<<<<
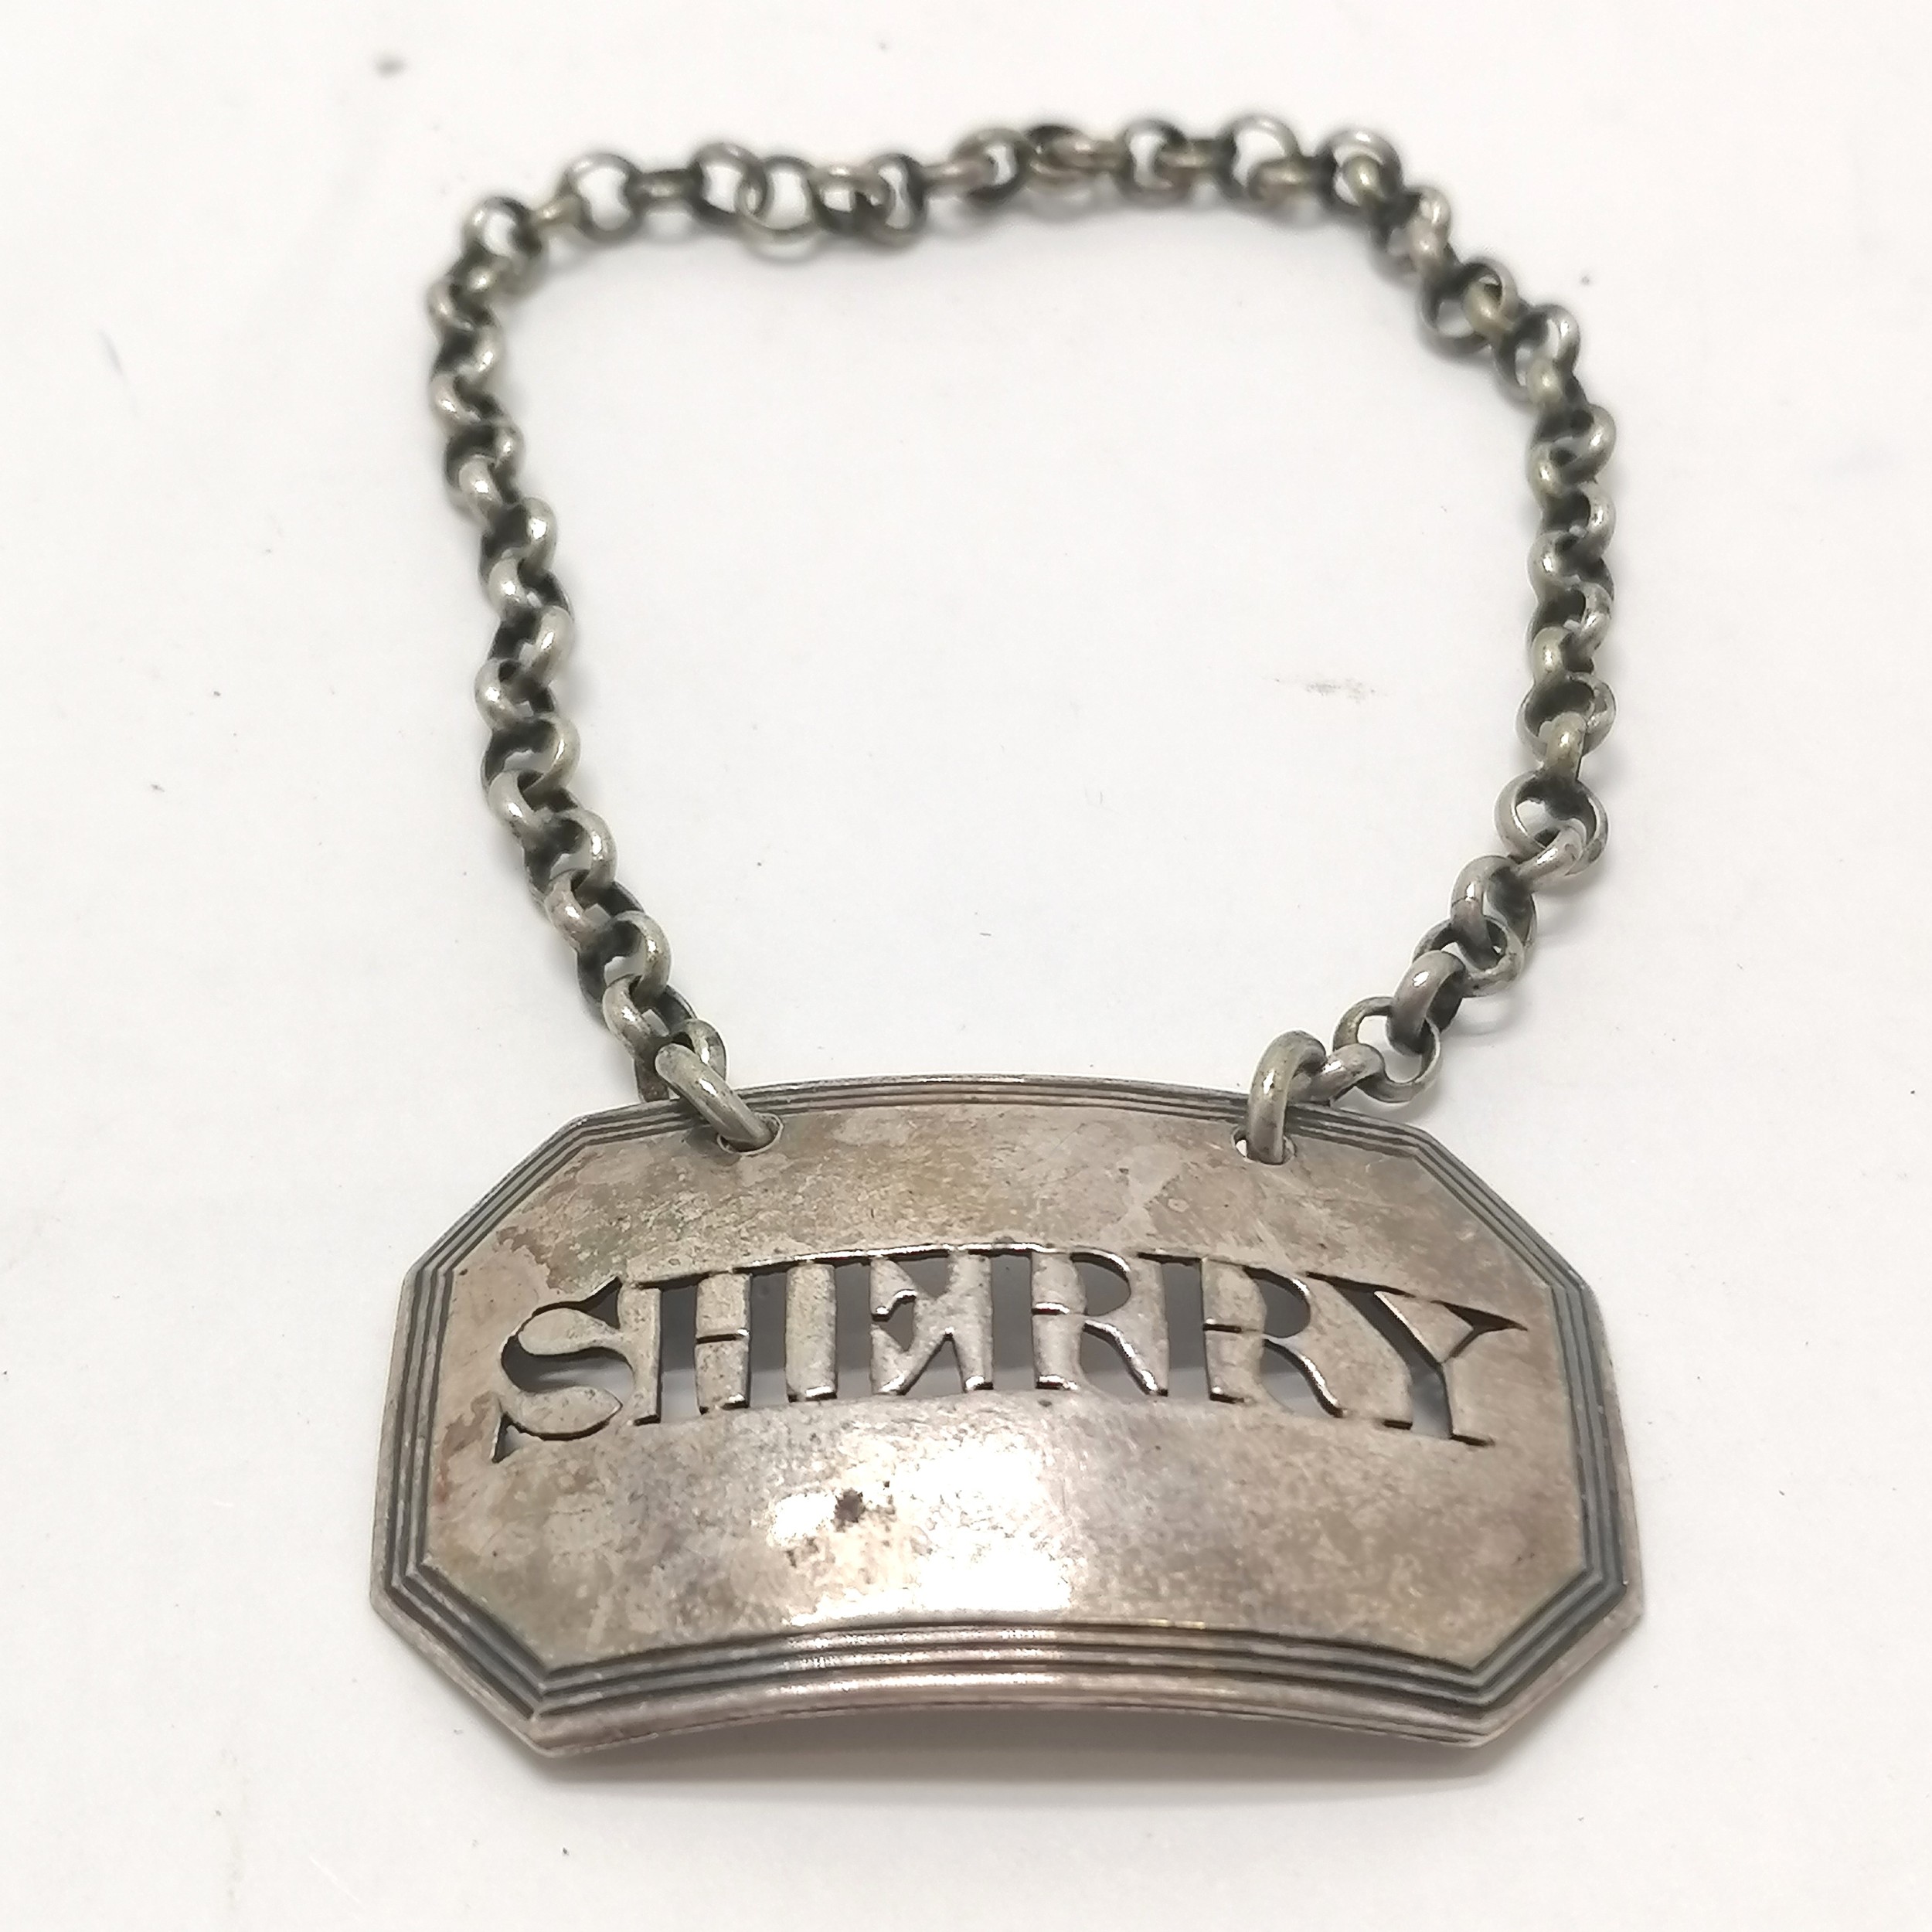 1819 silver Sherry decanter label by Thomas & James Phipps II - 4.5cm across & 13g
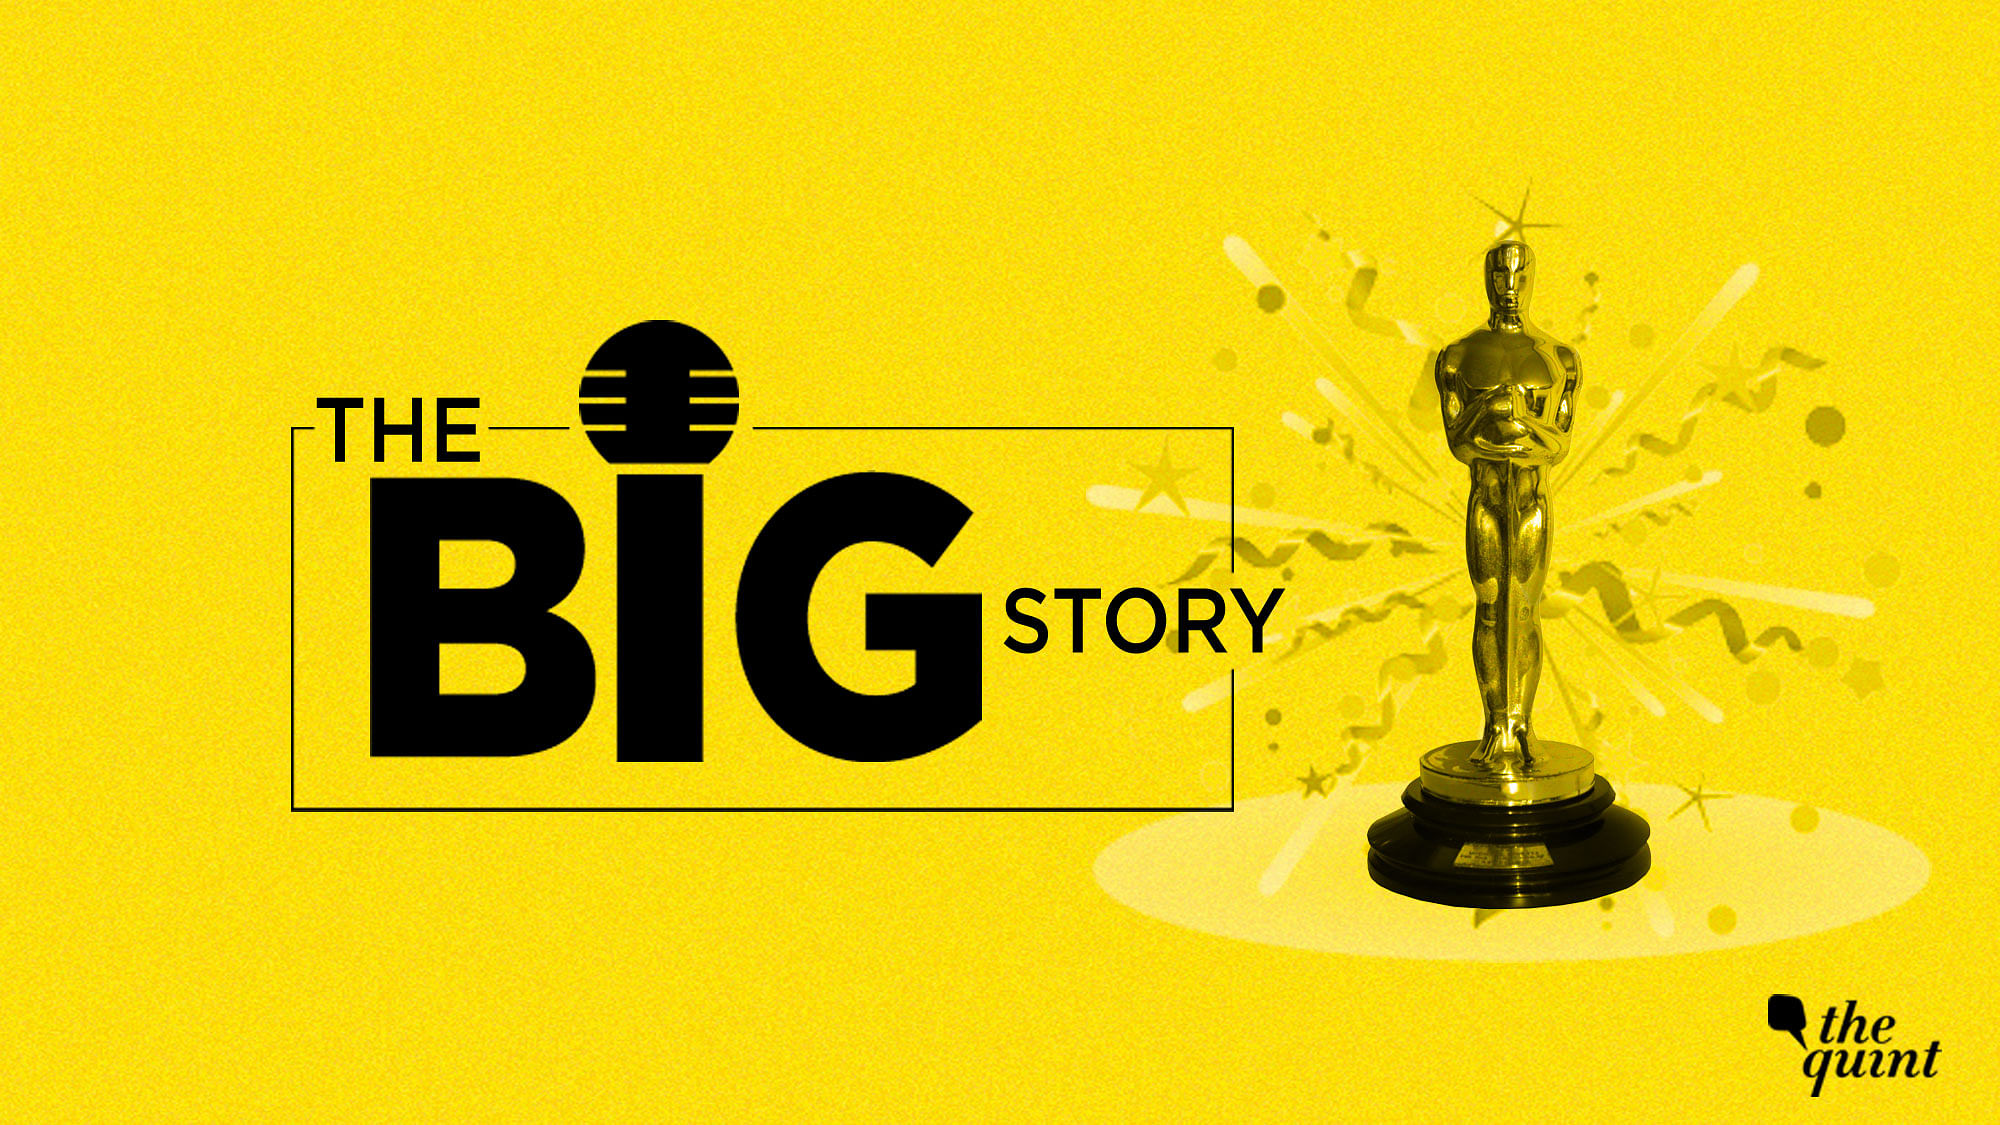 The 2019 Oscars have been a lot more controversial than usual, so on this episode we’ll look at the nominees, the awards and the controversy…oh my god so much controversy.
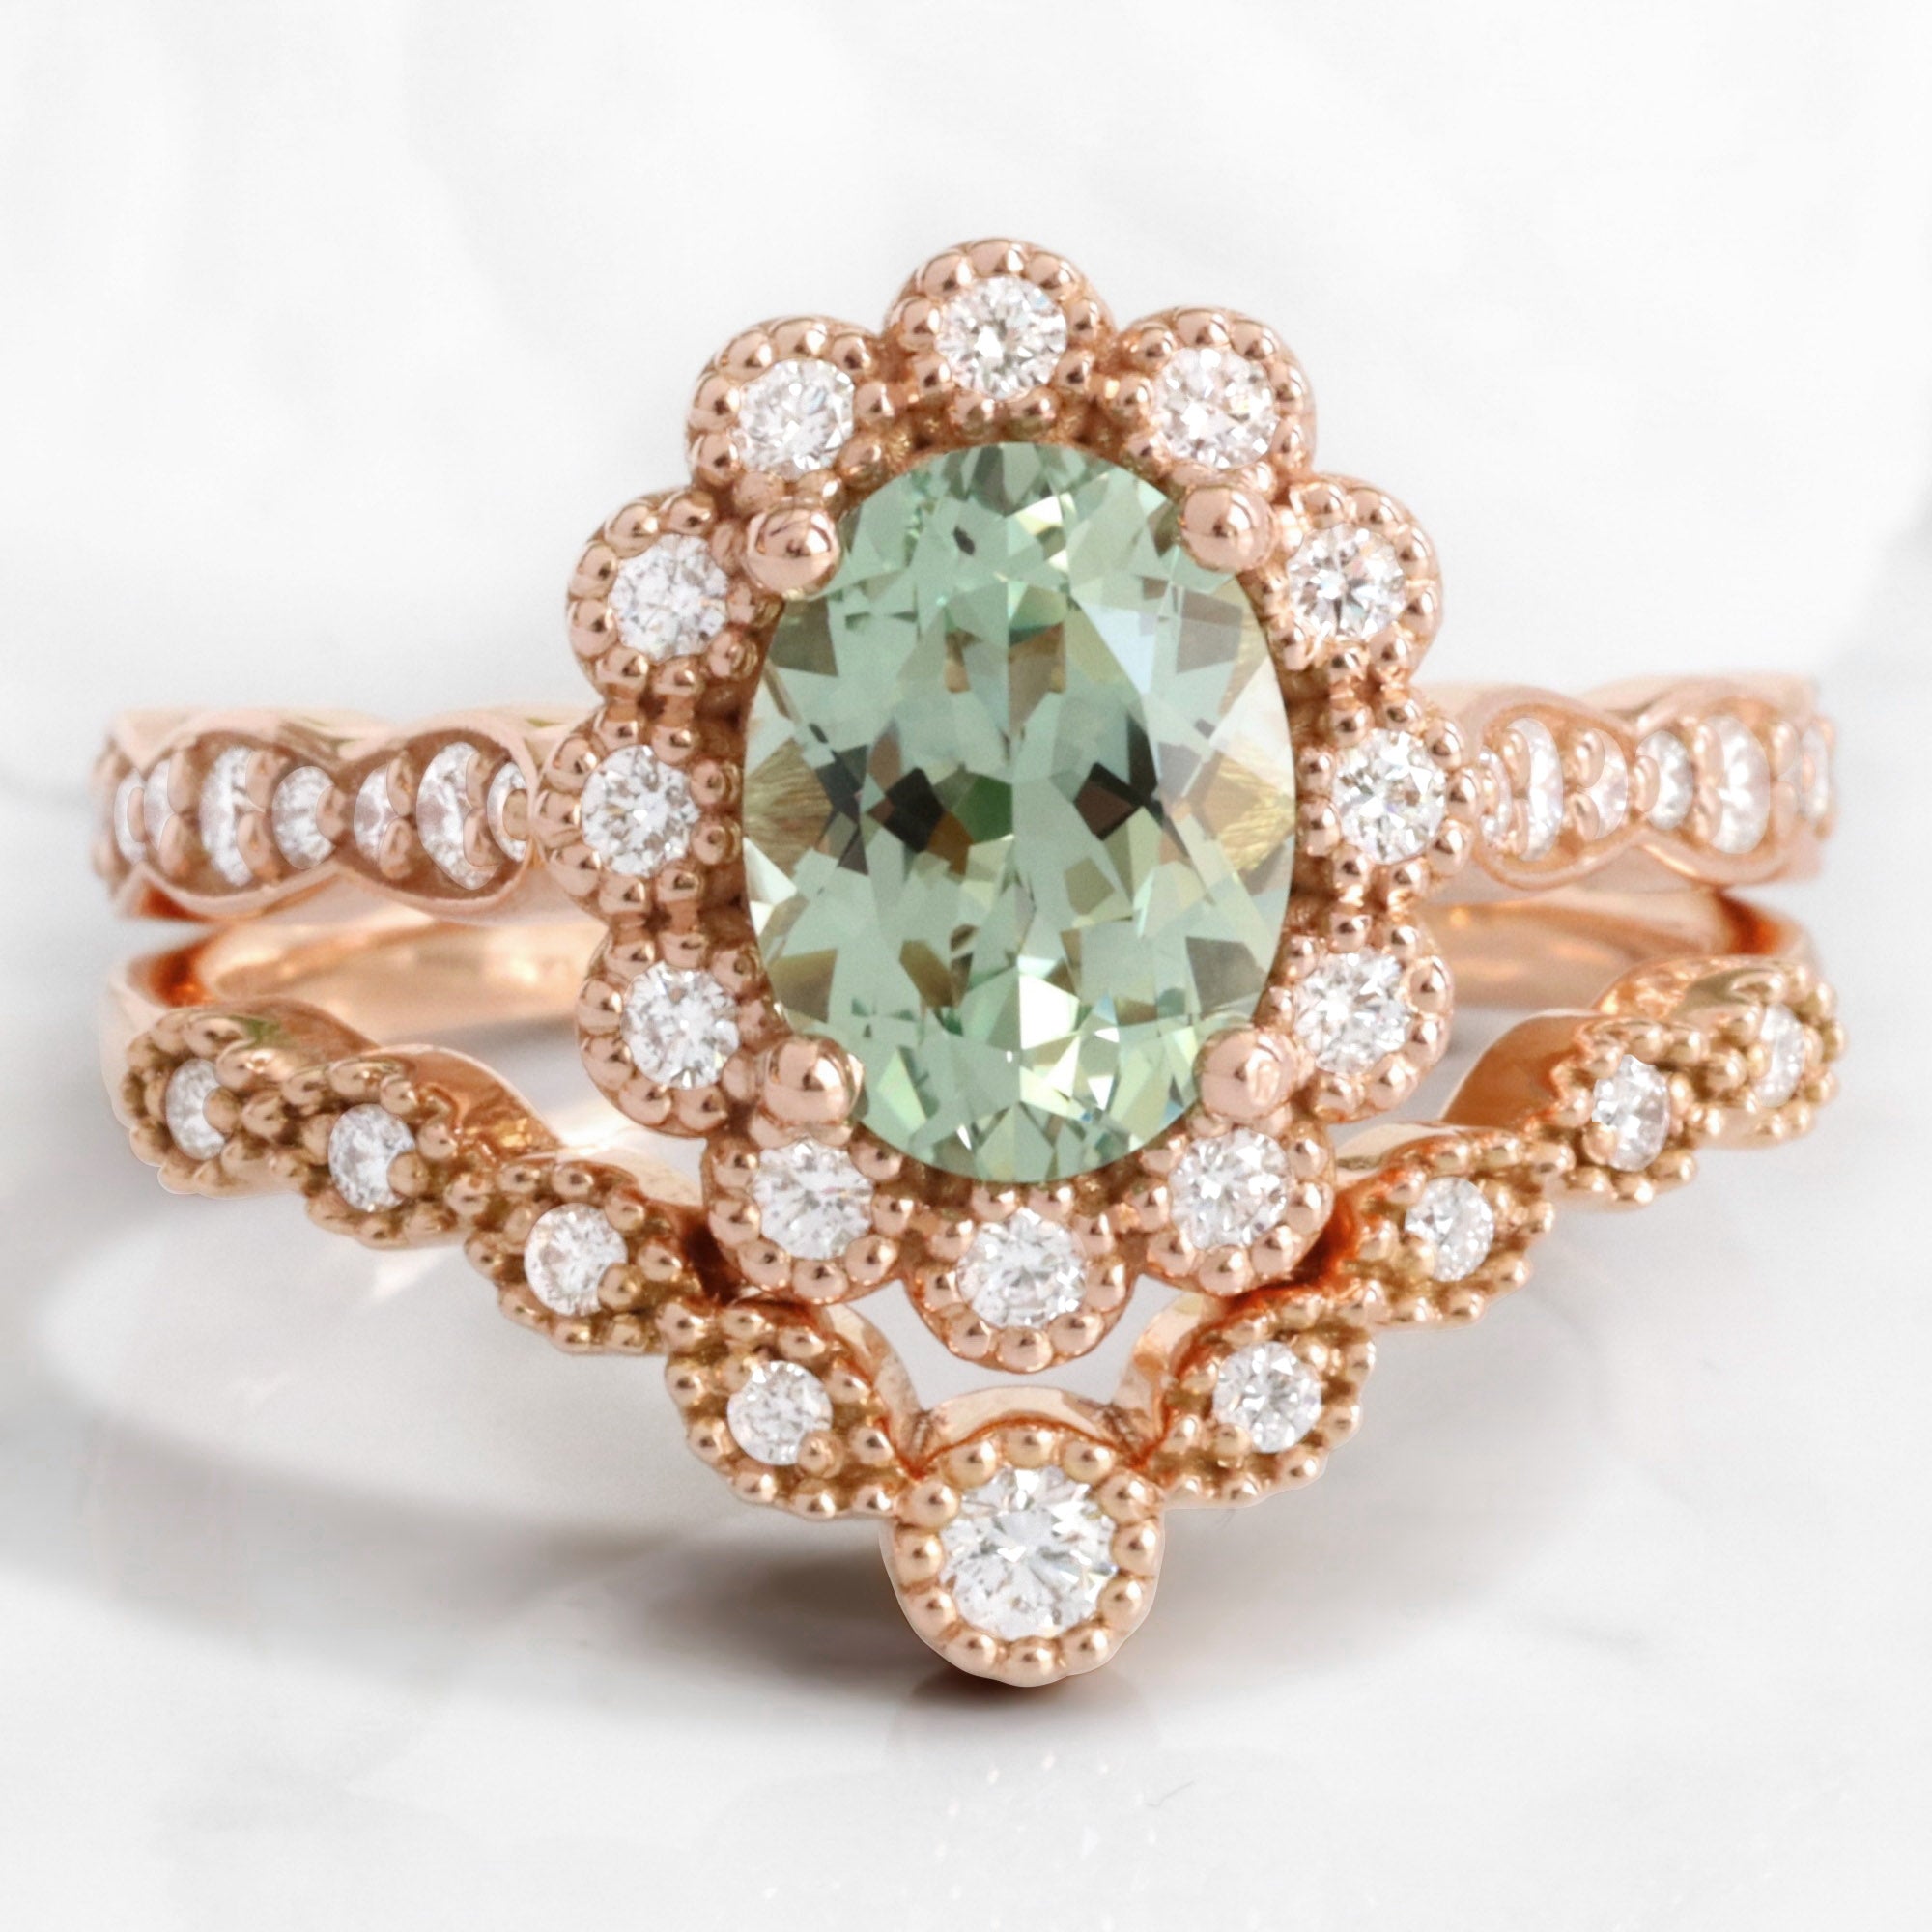 Vintage style green sapphire ring bridal set rose gold curved diamond wedding ring stack la more design jewelry
>>>>
__What you need to do__
Please repeat, exactly as written, only the lines from the line with "The 2019 Oscars" to the end of the data, leaving out every picture.

__Solution__
 The 2019 Oscars have been a lot more controversial than usual, so on this episode we’ll look at the nominees, the awards and the controversy…oh my god so much controversy.
 Vintage style green sapphire ring bridal set rose gold curved diamond wedding ring stack la more design jewelry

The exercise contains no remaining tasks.